YPG Fighters on the frontline south of Kobane, Photo: Carl Drott
KOBANE, Syria — Syrian Kurdish forces resisting attacks by Islamic State (IS) forces report renewed assaults on Kobane, where the militants are presumably hoping for a much needed victory to boost morale and loot new resources.
Local activists report that the Islamic radicals have recently seized at least 16 Kurdish villages west of Kobane, at a time when a US-led coalition of some 40 nations has galvanized to defeat the militants in Iraq.
Kobane, meanwhile, has remained completely isolated and lacking in international support, leaving the Kurdish People’s Protection Units (YPG) alone to resist the jihadi rebels.
The YPG remains isolated because of its links to the Kurdistan Workers’ Party: the PKK is regarded as a terrorist organization by the United States, Europe and Turkey, where the group has fought a 30-year war for Kurdish rights.
Kobane, known as Ayn al-Arab in Arabic and with a diverse population of Kurds, Arabs, Turkmen and Armenians, is one of three Kurdish cantons that declared autonomy last year.
IS militants renewed their attacks on Kobane, which is adjacent to the Turkish border, since the US administration gave the go-ahead for airstrikes on IS positions in Syria that have yet to commence.
The Kobane area is now besieged by IS, which has cut electricity and water supply to the town, and tries to block incoming trade.
The YPG has successfully resisted IS attacks and other groups for the past three years. But since July, the militants have returned with heavy weapons and armored vehicles, seized from the Iraqi army, outgunning the YPG and its allies.
IS attacks on Kobane have intensified since Monday. Facing airstrikes and tough resistance on the ground, the IS is unable to advance further in the Kurdish areas of Iraq, therefore turning its focus on Rojava, as Syria’s Kurdish regions are known.
In towns like Tel Abyad and Raqqa, the IS has clearly shown its intentions, forcing out the Kurdish population in an undisguised campaign of ethnic cleansing.
Hundreds are missing, believed to be either in IS prisons or already killed. Those who managed to get away mainly fled to the YPG-controlled enclave around Kobane.
Lack of heavy, advanced weapons has been the Achilles’ heel of the YPG.
During a recent visit, Rudaw could also confirm the use of cluster munitions, which lay strewn around a YPG position after the latest IS attack. In open terrain or simple dug-outs, the YPG forces are extremely vulnerable to concentrated “Blitzkrieg”-style attacks.
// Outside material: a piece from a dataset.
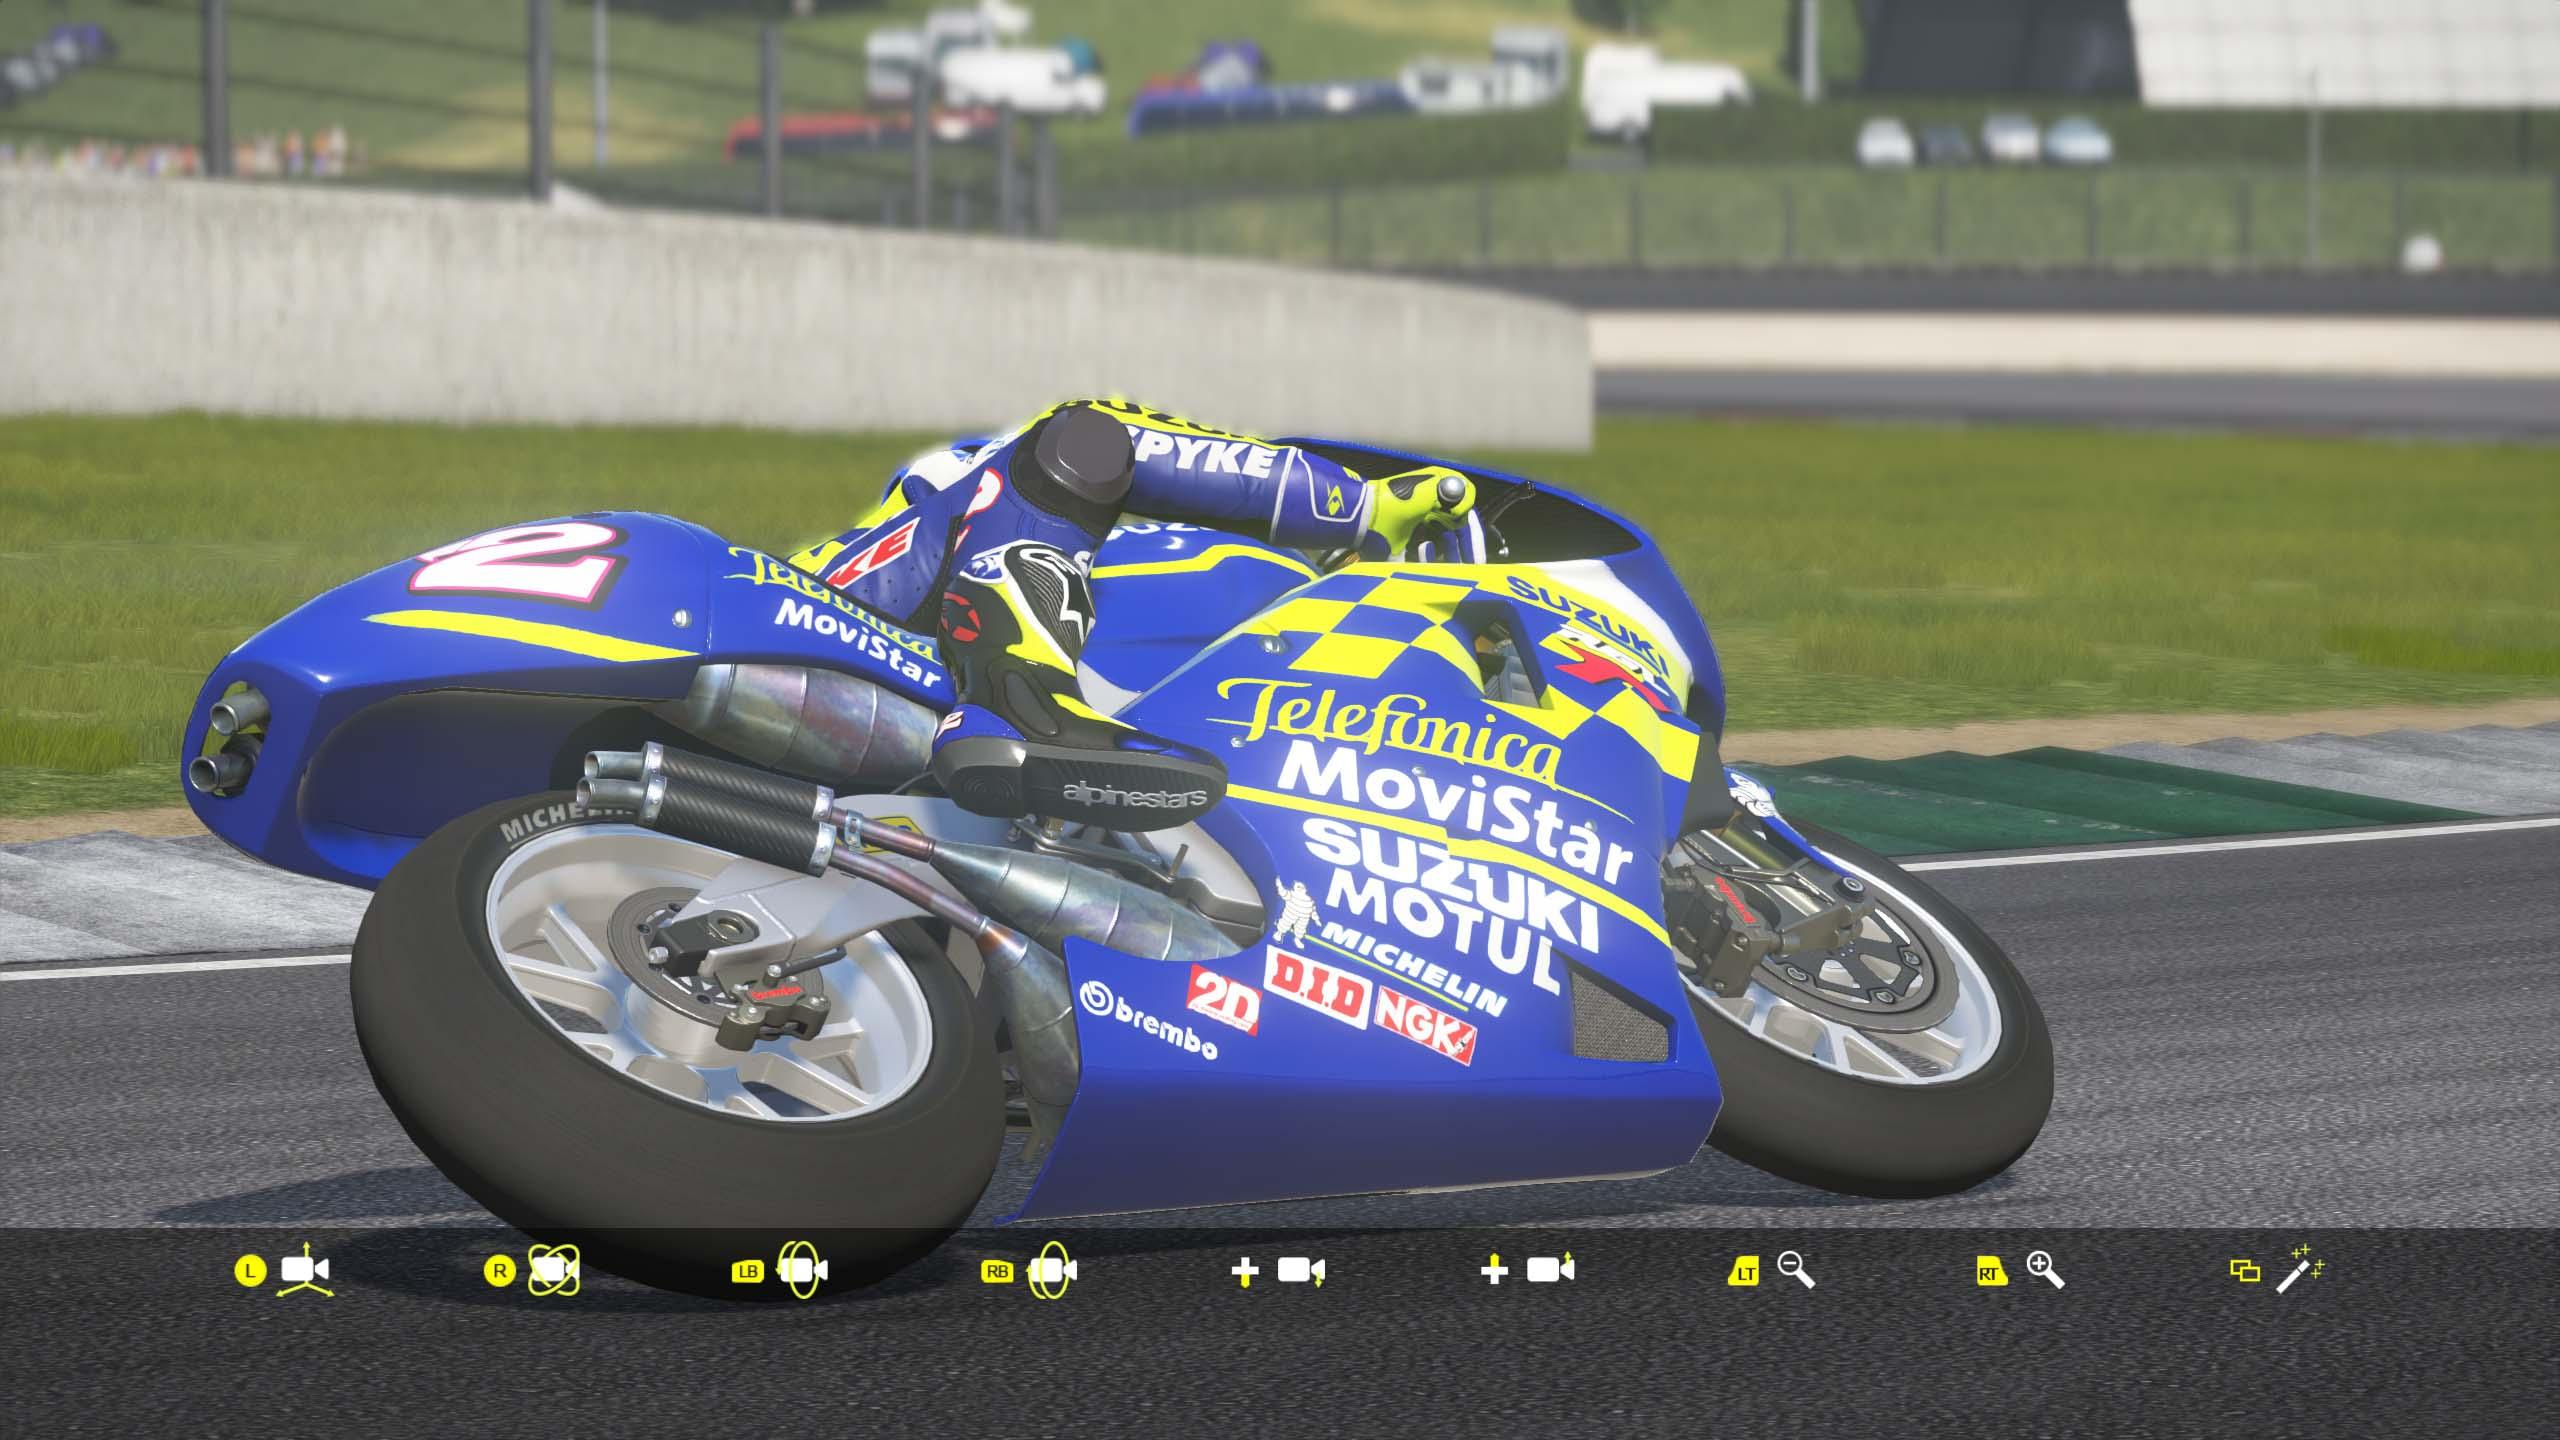 MotoGPVR46X64 2016-08-03 12-27-08-15.jpg

IS is now heavily shelling YPG positions as well as frontline villages, leading to civilian casualties and a population flight to Kobane. The town’s pre-war population of 350,000 has swelled, with some figures saying it has doubled.
Ever since the clashes started, there have been persistent claims from local civilians as well as YPG sources that Turkey is at the very least turning a blind eye to IS activities on its soil.
“How can NATO stand silent when they have Patriot batteries on the border and IS is exploiting this border?” asked Seydo Girespi, the YPG commander responsible for the frontline east of Kobane. “It is clear that NATO does not want to fight terrorism.”
There is no Syrian regime presence whatsoever in Kobane. Instead, there is now close co-operation between the YPG and several units of the Free Syrian Army (FSA), which took refuge there when forced to flee IS advances in the surrounding area.
The Kobane canton government has tried in vain to convince the Turkish government to co-operate against IS.
In a statement this week, the canton government called for all the countries in the world to support the people of Kobane “in all possible and potential ways” against the “barbarian” IS.
“The areas of Rojava are the first frontier against IS,” Ibrahim Kardo, the canton’s foreign minister, told Rudaw in a recent interview.
“We are pro-democracy and we want the European communities to help us. Do not miss this chance to support democratic forces.”